Broadridge Financial Solutions, Inc. (NYSE:BR) and PwC's Governance Insights Center today released their ProxyPulse™ report for the 2016 proxy mid-season analyzing data from 1,881 U.S. public company shareholder meetings held between January 1, 2016 and May 15, 2016.
The report revealed that say-on-pay support at micro-cap companies fell 10 percentage points from the same period last year, while small-cap companies saw a decrease in say-on-pay support of two percentage points from 2015 to 87 percent this year.
"Say-on-pay continues to foster discussion between companies of all sizes and their shareholders," said Chuck Callan, senior vice president, regulatory affairs, Broadridge.
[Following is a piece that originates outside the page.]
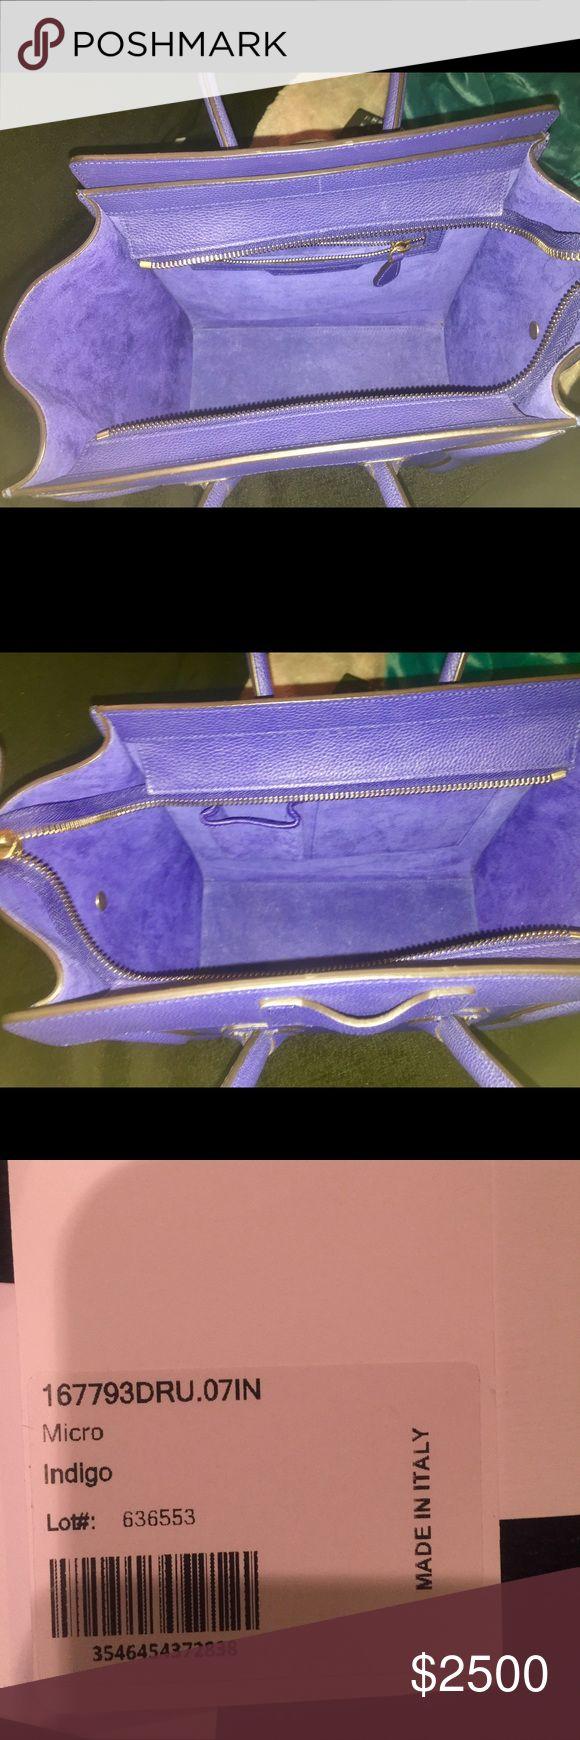 Celine bag additional pics More pics Celine Bags Satchels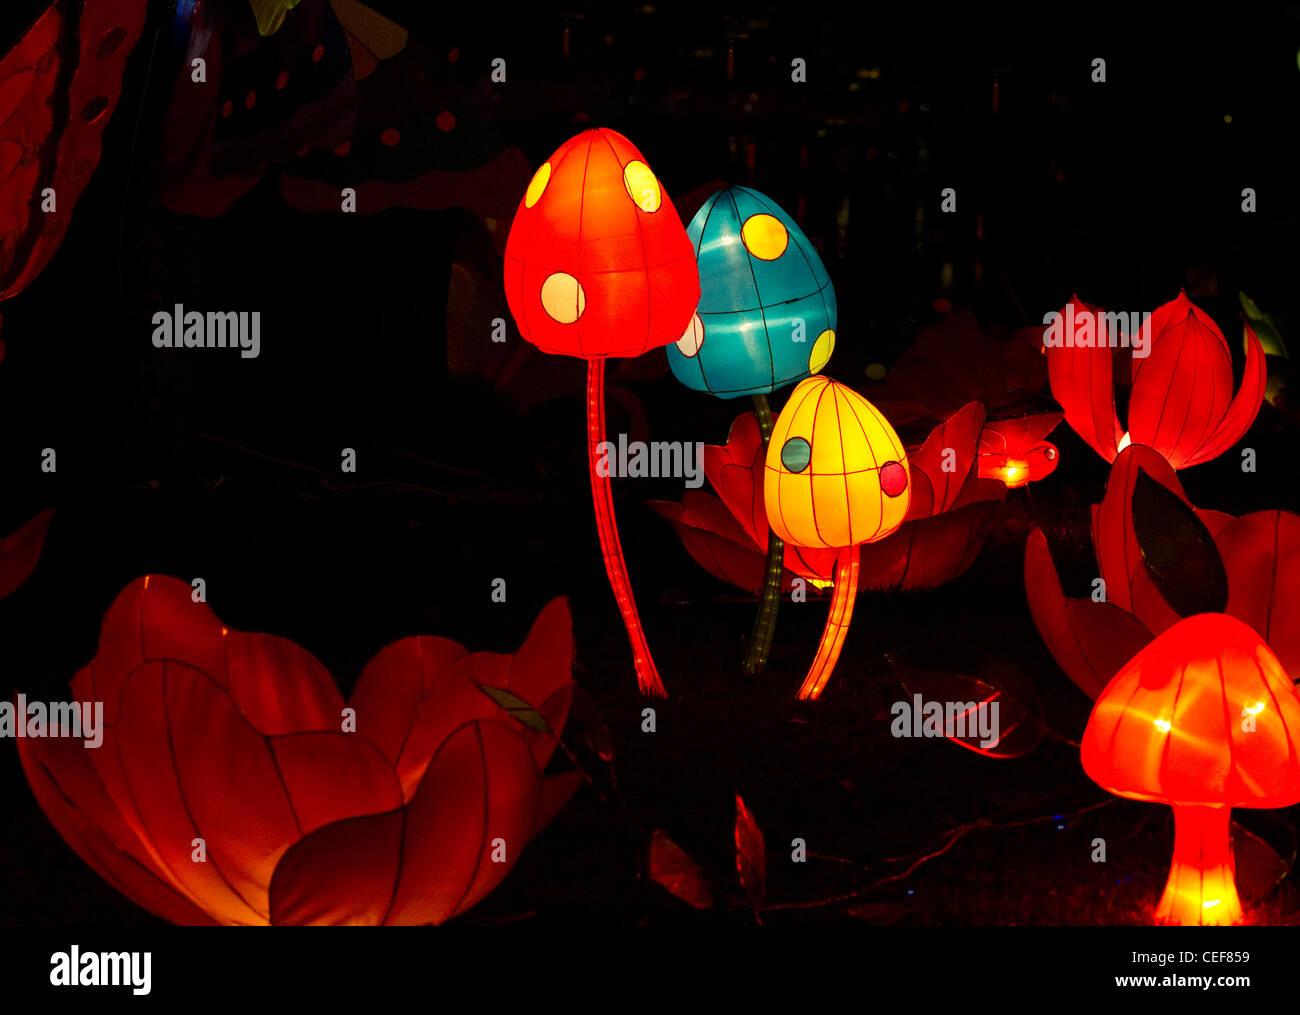 how to make mid autumn festival lantern

Another finding in the report is that support for directors weakened over the same period last year. Although there were fewer directors standing for election, more directors failed to achieve majority support this year than last. Almost half of the companies that had at least one director fail to gain majority support last year also had a director fail to do so this year.
Proxy access continues to be a major theme this season. "So far this proxy season, over 30 shareholder proposals for proxy access came to a vote and more than half have failed to achieve majority support. Although overall support was slightly lower than last year, many companies have voluntarily adopted proxy access bylaws -- thereby averting a shareholder vote," said Paul DeNicola, managing director of PwC's Governance Insights Center.
The report also includes a preview of demographic data on US equity shareholders.